-- WHAT IS EXPECTED --
Your answer is the lines below, exactly, from the one that contains "Initial Lock Necklace" through the one that contains "Первый горнолыжный курорт.", both included.

-- RECORDS TO USE --
######

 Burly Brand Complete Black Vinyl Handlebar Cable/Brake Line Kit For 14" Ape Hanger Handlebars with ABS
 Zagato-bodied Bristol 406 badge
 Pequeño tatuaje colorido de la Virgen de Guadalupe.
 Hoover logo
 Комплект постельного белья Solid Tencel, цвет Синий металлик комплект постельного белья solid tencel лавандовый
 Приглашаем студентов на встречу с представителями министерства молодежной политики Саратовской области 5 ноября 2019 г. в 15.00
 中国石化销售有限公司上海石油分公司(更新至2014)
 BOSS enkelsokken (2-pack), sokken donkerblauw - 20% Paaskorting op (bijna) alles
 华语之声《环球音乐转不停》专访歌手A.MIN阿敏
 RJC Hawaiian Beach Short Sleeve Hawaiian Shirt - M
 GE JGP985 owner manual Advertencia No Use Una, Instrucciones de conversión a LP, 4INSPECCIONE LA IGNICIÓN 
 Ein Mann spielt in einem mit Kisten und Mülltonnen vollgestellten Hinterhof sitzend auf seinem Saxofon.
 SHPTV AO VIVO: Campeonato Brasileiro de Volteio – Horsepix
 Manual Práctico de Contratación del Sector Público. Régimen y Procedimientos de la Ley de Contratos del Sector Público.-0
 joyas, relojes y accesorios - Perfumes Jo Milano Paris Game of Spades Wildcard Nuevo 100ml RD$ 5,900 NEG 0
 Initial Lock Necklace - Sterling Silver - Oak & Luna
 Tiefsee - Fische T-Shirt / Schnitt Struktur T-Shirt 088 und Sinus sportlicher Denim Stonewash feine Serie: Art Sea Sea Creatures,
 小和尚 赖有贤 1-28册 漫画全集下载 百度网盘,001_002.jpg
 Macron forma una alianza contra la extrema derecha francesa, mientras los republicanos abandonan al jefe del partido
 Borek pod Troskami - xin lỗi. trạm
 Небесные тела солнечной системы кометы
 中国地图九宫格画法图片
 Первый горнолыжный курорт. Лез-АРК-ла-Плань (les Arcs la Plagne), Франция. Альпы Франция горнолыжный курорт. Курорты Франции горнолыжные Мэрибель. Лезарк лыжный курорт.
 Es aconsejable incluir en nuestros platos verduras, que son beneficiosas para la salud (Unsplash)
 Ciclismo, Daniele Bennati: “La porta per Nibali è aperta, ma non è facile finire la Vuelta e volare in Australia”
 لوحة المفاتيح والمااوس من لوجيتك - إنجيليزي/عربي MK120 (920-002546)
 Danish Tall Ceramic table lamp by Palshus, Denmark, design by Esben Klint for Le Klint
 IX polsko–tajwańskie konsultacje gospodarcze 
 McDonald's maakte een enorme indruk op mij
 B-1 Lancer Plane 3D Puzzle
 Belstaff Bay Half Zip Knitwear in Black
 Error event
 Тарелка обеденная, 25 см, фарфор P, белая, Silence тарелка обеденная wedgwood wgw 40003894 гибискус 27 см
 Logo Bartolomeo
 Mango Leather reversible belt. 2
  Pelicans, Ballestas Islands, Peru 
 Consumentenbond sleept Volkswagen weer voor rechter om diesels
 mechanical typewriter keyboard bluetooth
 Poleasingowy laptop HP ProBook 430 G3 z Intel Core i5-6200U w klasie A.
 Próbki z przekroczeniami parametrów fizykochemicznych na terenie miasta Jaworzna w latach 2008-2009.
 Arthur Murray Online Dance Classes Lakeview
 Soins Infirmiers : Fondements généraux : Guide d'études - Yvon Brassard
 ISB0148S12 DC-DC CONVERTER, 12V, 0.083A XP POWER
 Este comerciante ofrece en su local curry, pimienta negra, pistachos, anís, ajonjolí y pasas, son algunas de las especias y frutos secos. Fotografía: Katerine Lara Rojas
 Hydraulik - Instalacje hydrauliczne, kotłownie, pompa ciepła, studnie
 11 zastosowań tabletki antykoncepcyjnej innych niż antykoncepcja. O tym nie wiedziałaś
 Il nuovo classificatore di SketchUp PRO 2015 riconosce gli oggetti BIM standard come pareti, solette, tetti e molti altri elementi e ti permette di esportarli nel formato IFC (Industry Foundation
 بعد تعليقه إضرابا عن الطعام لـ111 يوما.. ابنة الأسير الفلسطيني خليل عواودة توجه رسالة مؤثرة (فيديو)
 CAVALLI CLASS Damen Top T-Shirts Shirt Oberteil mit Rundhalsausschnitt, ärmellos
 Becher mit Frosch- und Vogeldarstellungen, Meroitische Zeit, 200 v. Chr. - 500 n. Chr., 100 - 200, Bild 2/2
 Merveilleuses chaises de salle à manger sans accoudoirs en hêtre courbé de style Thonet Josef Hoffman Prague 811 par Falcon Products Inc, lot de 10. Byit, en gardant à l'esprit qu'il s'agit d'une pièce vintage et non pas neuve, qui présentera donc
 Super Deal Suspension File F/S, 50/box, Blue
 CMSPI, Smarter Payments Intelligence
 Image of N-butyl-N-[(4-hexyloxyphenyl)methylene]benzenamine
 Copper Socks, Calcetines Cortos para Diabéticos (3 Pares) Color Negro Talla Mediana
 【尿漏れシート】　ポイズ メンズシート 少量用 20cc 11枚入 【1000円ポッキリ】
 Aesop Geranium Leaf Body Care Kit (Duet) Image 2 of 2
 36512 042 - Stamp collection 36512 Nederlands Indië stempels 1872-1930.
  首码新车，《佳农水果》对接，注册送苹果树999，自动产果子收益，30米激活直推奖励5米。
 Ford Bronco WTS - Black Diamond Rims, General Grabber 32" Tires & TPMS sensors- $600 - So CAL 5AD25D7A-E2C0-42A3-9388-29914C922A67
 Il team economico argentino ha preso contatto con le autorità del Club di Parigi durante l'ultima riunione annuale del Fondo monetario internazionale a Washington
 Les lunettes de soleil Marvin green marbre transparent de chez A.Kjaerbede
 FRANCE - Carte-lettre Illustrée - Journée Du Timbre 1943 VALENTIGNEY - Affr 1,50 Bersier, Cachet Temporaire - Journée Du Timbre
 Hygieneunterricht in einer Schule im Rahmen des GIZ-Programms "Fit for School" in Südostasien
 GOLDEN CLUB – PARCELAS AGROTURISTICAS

######

-- OUTPUT OF THE TASK --
 Initial Lock Necklace - Sterling Silver - Oak & Luna
 Tiefsee - Fische T-Shirt / Schnitt Struktur T-Shirt 088 und Sinus sportlicher Denim Stonewash feine Serie: Art Sea Sea Creatures,
 小和尚 赖有贤 1-28册 漫画全集下载 百度网盘,001_002.jpg
 Macron forma una alianza contra la extrema derecha francesa, mientras los republicanos abandonan al jefe del partido
 Borek pod Troskami - xin lỗi. trạm
 Небесные тела солнечной системы кометы
 中国地图九宫格画法图片
 Первый горнолыжный курорт. Лез-АРК-ла-Плань (les Arcs la Plagne), Франция. Альпы Франция горнолыжный курорт. Курорты Франции горнолыжные Мэрибель. Лезарк лыжный курорт.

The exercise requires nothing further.